Jardin des Plantes in Paris. His wilderness is presented as a beautifully arranged herbarium: leaf upon leaf, one blade of grass beside the next. Rousseau’s jungle is a well-composed symphony in green, a meticulously painted collage of flora and fauna. At the very centre, with other animals looking on, we are witness to a life-and-death struggle.

ROUSSEAU, HenriThe Jardin du Luxembourg

A bombastic inscription on the back of the painting proclaims "A View of the Jardin du Luxembourg. The Monument to Chopin.Composition." Following the example of recognized masters, Rousseau found an interesting motif and then worked it up, perfecting the composition in the studio. The thoroughly executed, immobile, and trivial details

of his landscapes come together in meaningful "dumb scenes" that prompted a contemporary to dub him "the dreamer of reality.

ROUSSEAU, Henri

(Le Douanier)

French painter Henri Julien Félix Rousseau, called Le Douanier [the customs officer] the epithet his friends later used although he was a tax collector for more than 20 years before he retired to paint (1893). He was an ambitious, self-taught naive painter. Rousseau admired past academic artists like Bouguereau, and took direct inspiration from the Jardin des Plantes, but he was adopted by the leaders of modern art, with Apollinaire often acting as publicist. Rousseau measured

Apollinaire for his portrait alongside Marie Laurencin in La Muse inspirant le poete: the resemblance is gauche yet unmistakable.

Although he claimed to have lived in Mexico in his youth, he later admitted that the claim was false. The only tropical vegetation Rousseau ever saw was in Parisian greenhouses, and his remarkable landscapes had no counterpart in

nature. His painted jungles are an organized profusion of carefully defined yet fantastic plants, half-concealing various wild animals with startlingly staring eyes. These scenes are rendered in a vivid, almost hypnotic folk style. The finest ones include The Snake Charmer (1907; Musée du Louvre, Paris) and The Dream (1910; Museum of Modern Art, New

York).
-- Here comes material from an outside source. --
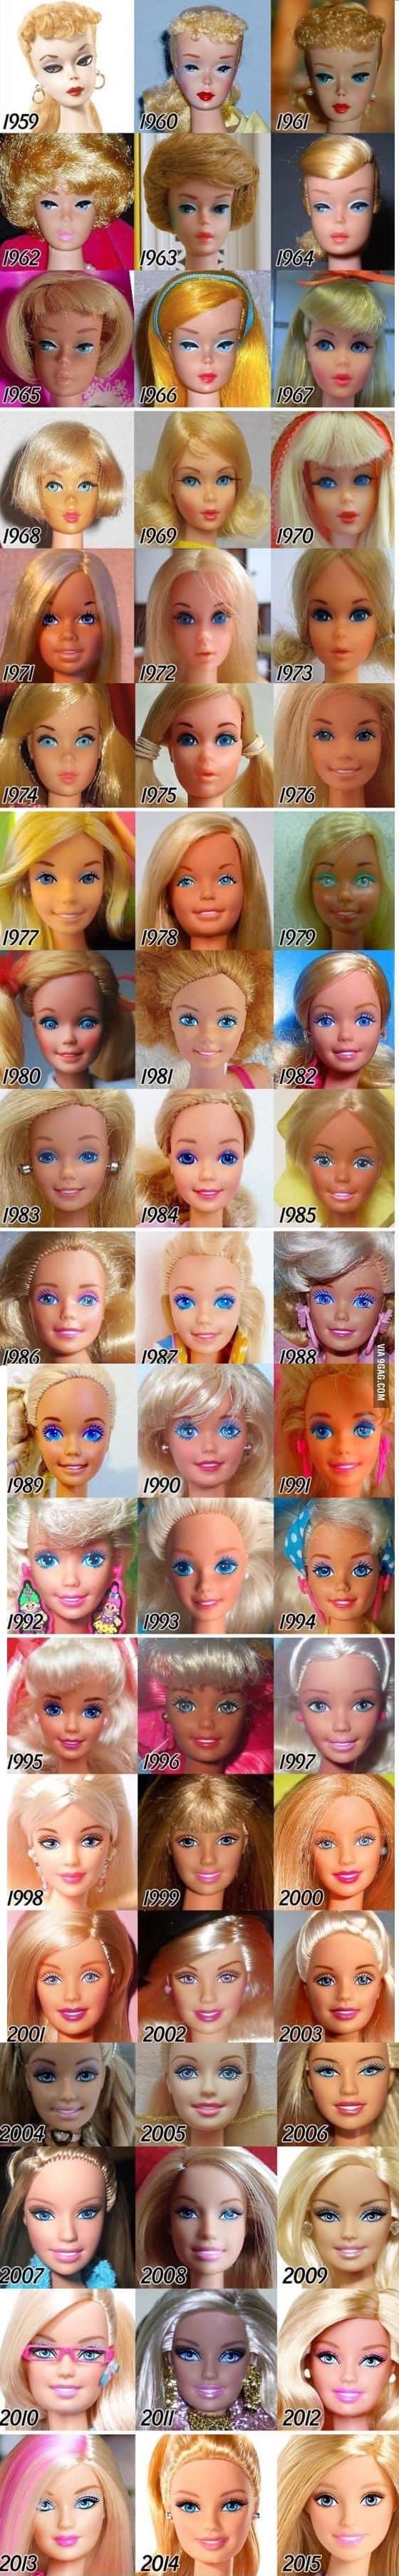 Эволюция Барби

With the same approach Rousseau employed in painting the familiar (e.g., Village Street Scene, 1909; Philadelphia Museum of Art), he painted the haunting and dreamlike Sleeping Gypsy (1897; Museum of Modern Art, New York).

Rousseau exhibited at the Salon des Indépendants from 1886, but did not become well known until the early years of the 20th century when he was "taken up" by Picasso, Apollinaire, and other members of the Parisian avant garde. In his

honour Picasso organised a banquet in the Bateau-Lavoir in 1908, attended by artists and writers.